In the context of this research, the Chinese refugees played a pivotal role of shifting the view of refugees’ contribution to the labour market. Perhaps because mostly educated elite Chinese benefited from the narrowly crafted relief provisions, their accomplishments refuted the arguments of the nativist right wing.

4.3 Hungarian Refugees

The failed uprising against the Communist government in Hungary in 1956 further shifted the portrayal of refugees from unskilled and downtrodden labourers to educated and valuable assets to the labour market. The revolt that began in October 1956 with the stated objective to make Hungary independent of any foreign government ended in November 1956 when Soviet Union tanks rolled in and crushed the rebellion. An estimated 200,000 refugees fled Hungary.

Eisenhower immediately authorised the use of any Refugee Relief Act visas still available and drew on a then obscure provision in the Immigration and Nationality Act known as ‘parole’ to bring almost 40,000 Hungarian refugees to the United States on a temporary basis. In a stark reversal of his position that national security was the utmost priority, McLeod was ready to waive for the Hungarians the strict security assurances and extensive screenings that the Refugee Relief Act had imposed.
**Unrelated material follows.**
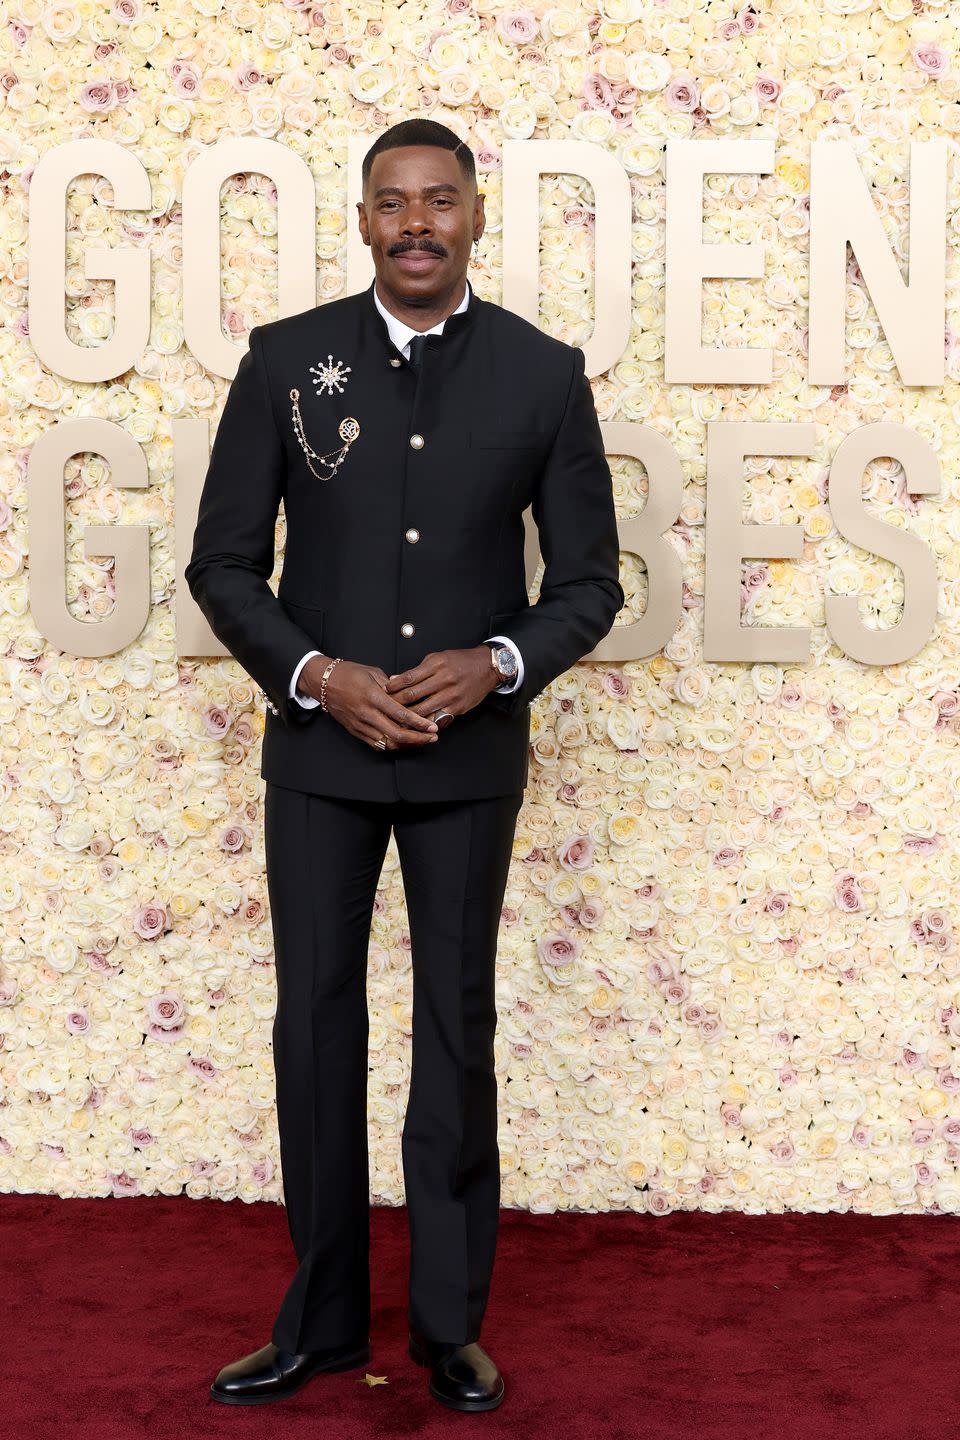 beverly hills, california january 07 colman domingo attends the 81st annual golden globe awards at the beverly hilton on january 07, 2024 in beverly hills, california photo by monica schippergathe hollywood reporter via getty images

Although Chairman Walter had initially given tacit agreement to Eisenhower’s parole decision, he and other nativists on the right, most notably Senator Olin Johnson (D-SC) who chaired the Internal Security Subcommittee, began criticising the programme as an executive branch over-reach that was administered so laxly that communists were admitted.

As Carl Bon Tempo recounts, the Eisenhower administration and the voluntary agencies charged with refugee resettlement coordinated a campaign in 1957 to present the Hungarian refugees as ‘prospective citizens with all of the qualities that “good Americans” supposedly possessed in the late 1950s.’ They enlisted the Advertising Council, which was made up of power business leaders, to promote public service announcements on radio and television that described the Hungarian refugees as ‘freedom fighters’. A public relations firm led a major media campaign portraying the Hungarians as educated middle class people easily adapting to American life.52

The 85th Congress went on to enact several specific immigration laws that reflected an easing of the hard line on refugees. Most notably, the Act of July 25, 1958, enabled those Hungarians whom President Eisenhower had paroled into the country after the invasion of the Soviet Union to adjust to legal permanent residence. The Act of August 21, 1958, extended for an additional year certain provisions in the 1957 Refugee-Escapee Act. The nativist right wing was shrinking in political power in Congress as the 1950s drew to a close.

Two factors arguably led to this dramatic turnaround of US policy toward refugees. The Hungarians were characterised as ‘freedom fighters’ against Communism, and they were made up of educated and high-skilled people who were relatively young. These were people whom the nativist right wing could accept.

4.4 Fluctuating Public Opinion

Despite growing acceptance of certain types of refugees among political leaders who were otherwise nativist, public opinion of refugee admissions continued to fluctuate (Figure 5). By 1958, only one-third of those surveyed by Gallup supported the admission of 65,000 Hungarian refugees. Though that was up slightly from about a quarter of those surveyed who supported Hungarian and Polish refugees in 1956, those opposed were comfortably in the majority.

Figure 5
Figure 5

US Public Opinion of European Refugees, 1953–1958

Citation: Journal of Migration History 6, 3 (2020) ; 10.1163/23519924-00603003

Source: The Roper Center for Public Opinion Research
Figure 6
Figure 6

Matrix of Main Policy Distinctions Characterising Labour and Refugees Flows

Citation: Journal of Migration History 6, 3 (2020) ; 10.1163/23519924-00603003

That the nation was in an economic recession in 1958, with unemployment at a decade high (7.4 per cent), no doubt cooled Americans’ hospitality toward refugees.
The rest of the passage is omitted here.